Black-and-white transparencies can be made directly with some modern black-and-white films, which normally yield negatives. The negative image is developed but not fixed. The negative image is removed by bleaching with a solution of potassium permanganate or potassium dichromate in dilute sulfuric acid, which is removed by washing and a clearing bath containing sodium metabisulfite or potassium metabisulfite. The remaining silver halide salts are re-exposed to light, developed and fixed, and the film is washed and dried.

Black-and-white transparencies were once popular for presentation of lecture materials using 3¼"×4" (3¼" square in the UK) glass-mounted slides. Such positive black-and-white projection is now rarely done, except in motion pictures. Even where black-and-white positives are currently used, the process to create them typically uses an internegative with standard processing instead of a chemical reversal process.

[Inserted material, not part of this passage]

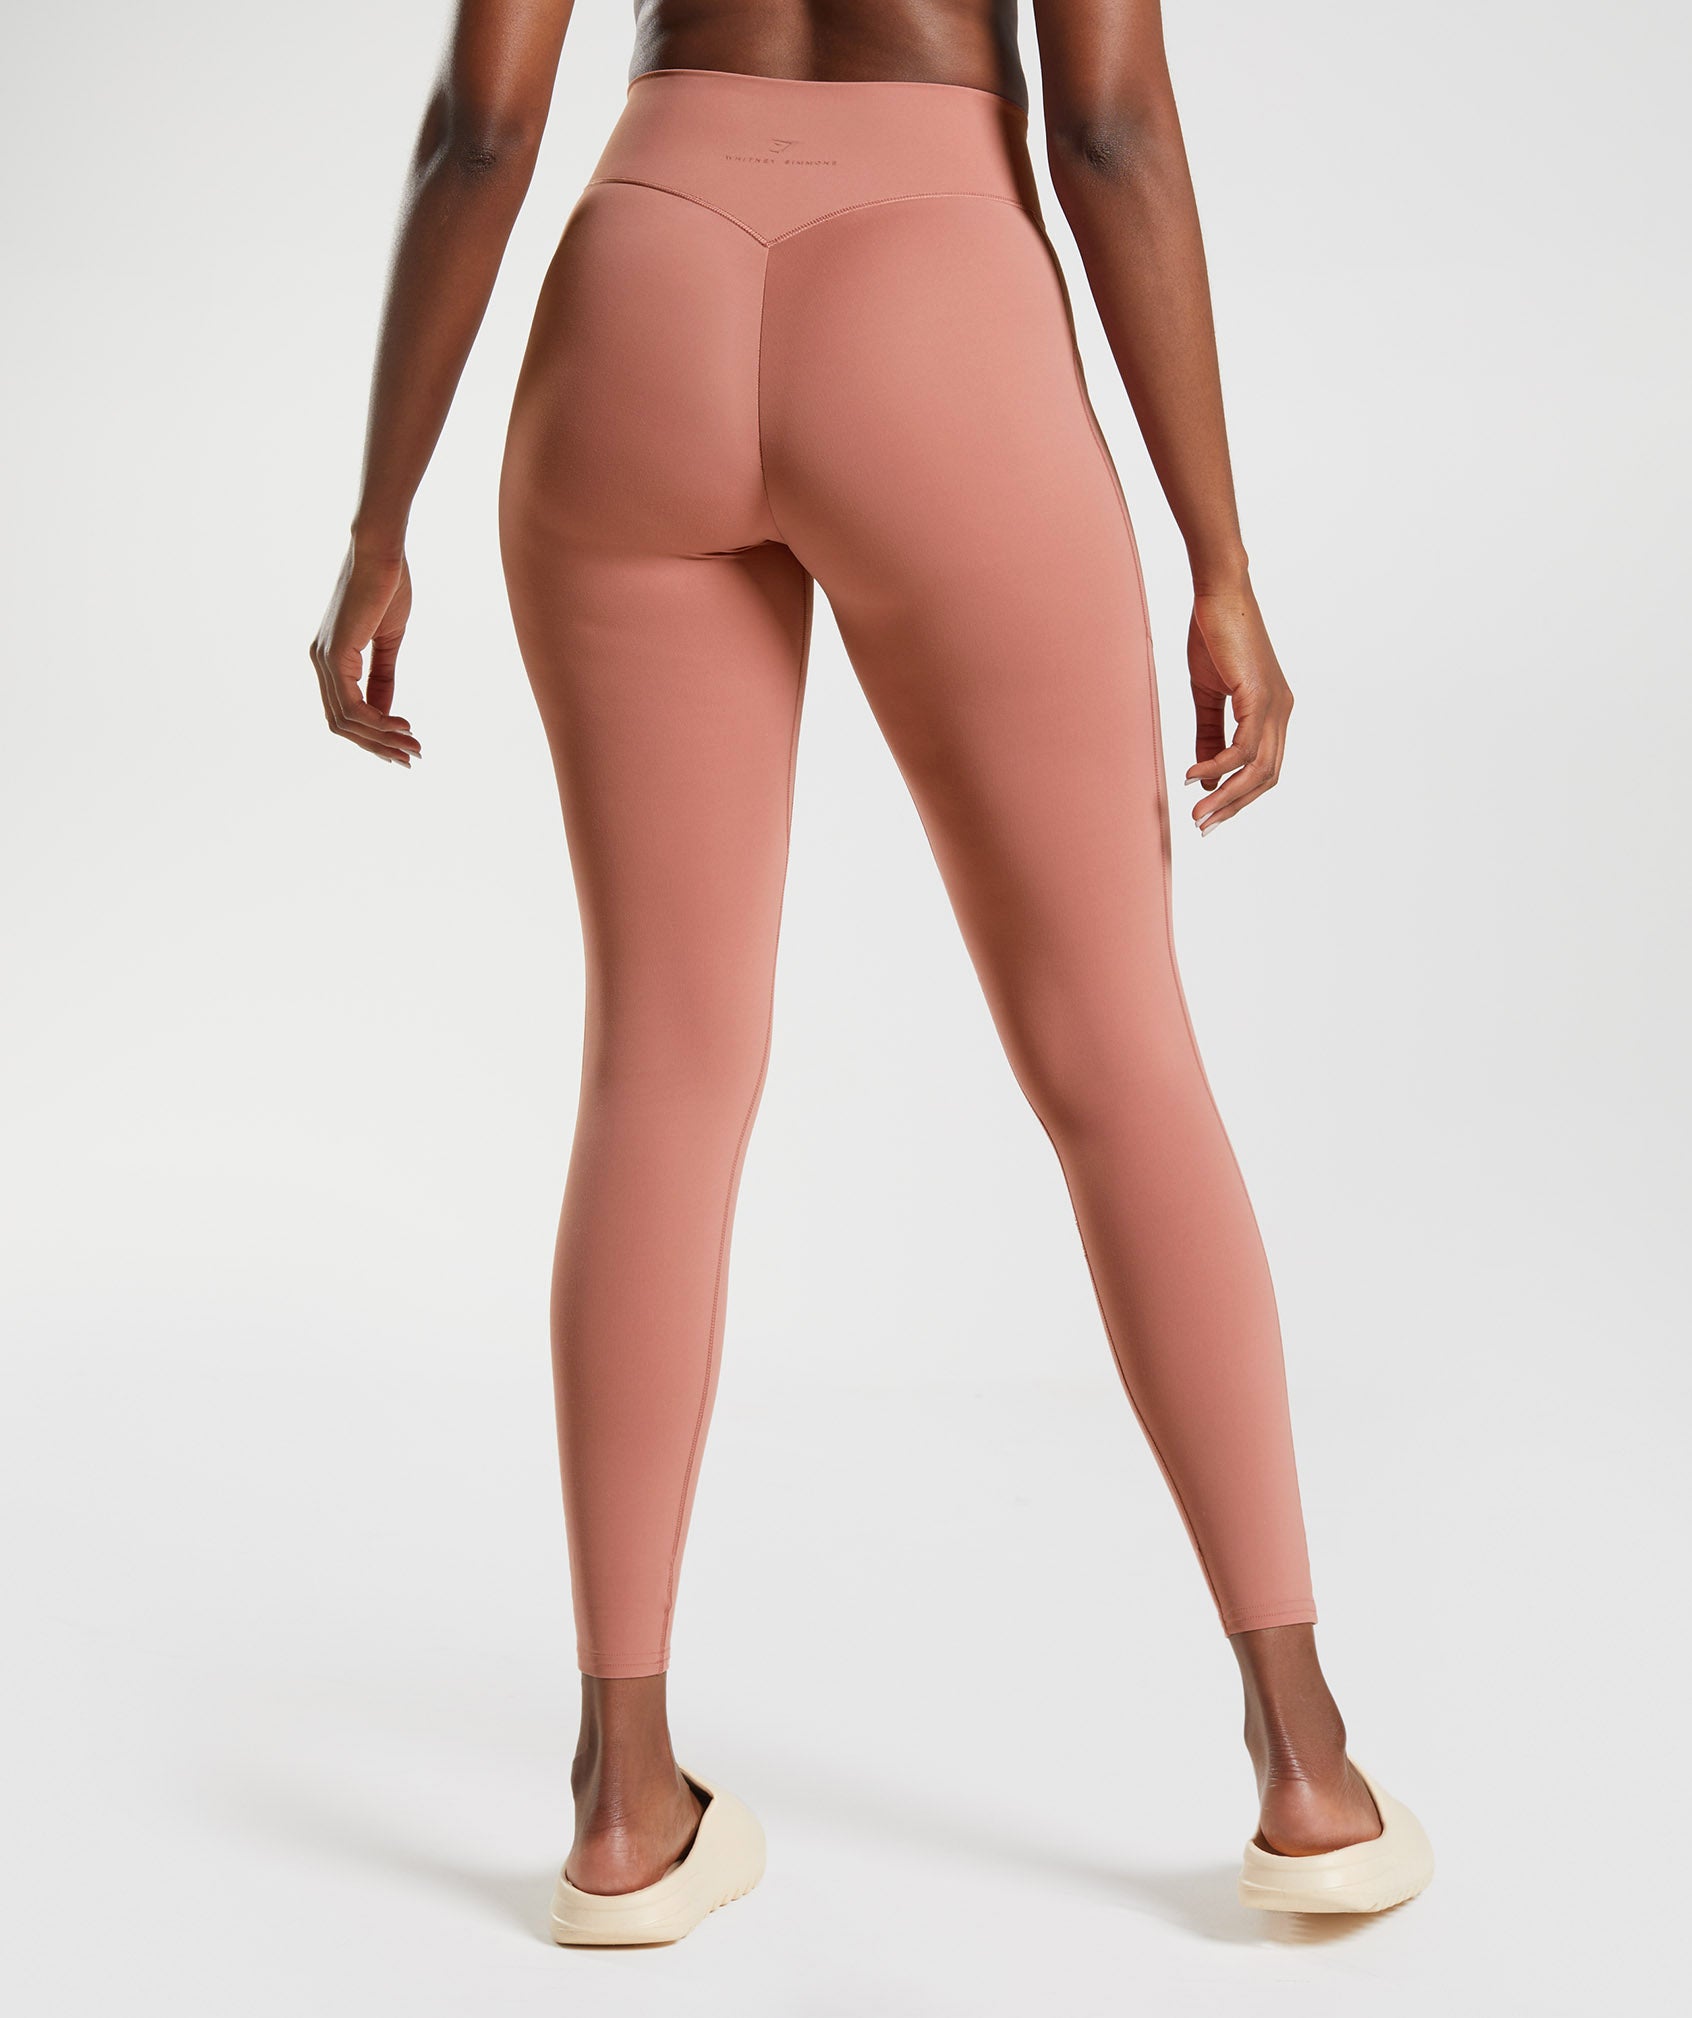 Gymshark Dreamy Leggings Red Size XS - $40 (33% Off Retail) - From Angelina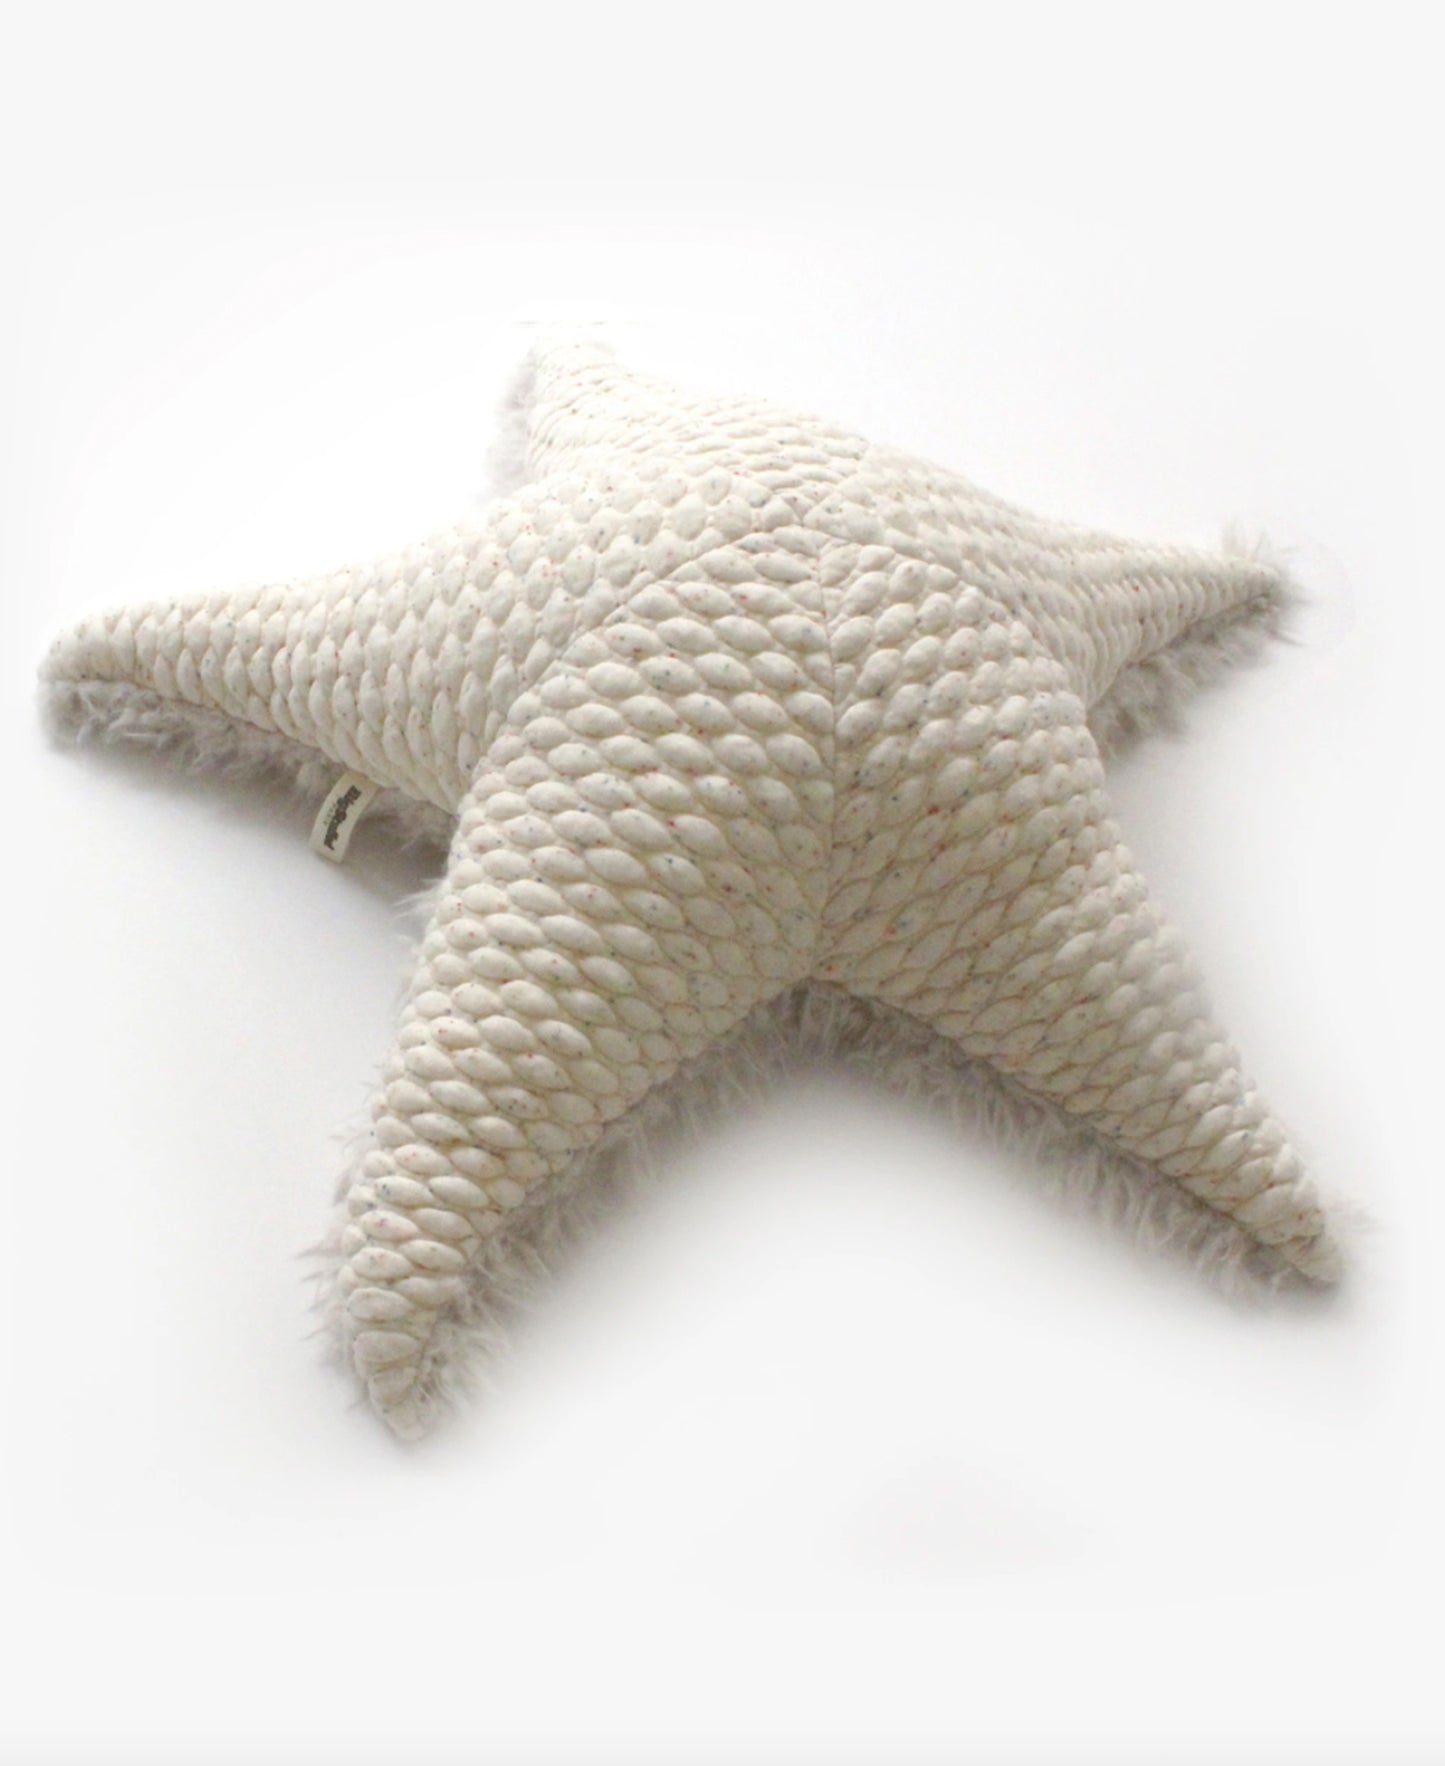 An off-white starfish stuffed animal, shown from above.

Black-and-white reversal films are less common than color reversal films.
- Agfa-Gevaert discontinued its Agfa Scala 200x Professional black-and-white reversal film. This could be developed with their proprietary Scala process.
- The Adox company released Scala 160 in 2017, a black and white reversal film based on Agfa's discontinued Scala.
- The Foma company of the Czech Republic produces one of only remaining dedicated black-and-white reversal film for 35 mm stills, Fomapan R 100, which is also available in movie film formats.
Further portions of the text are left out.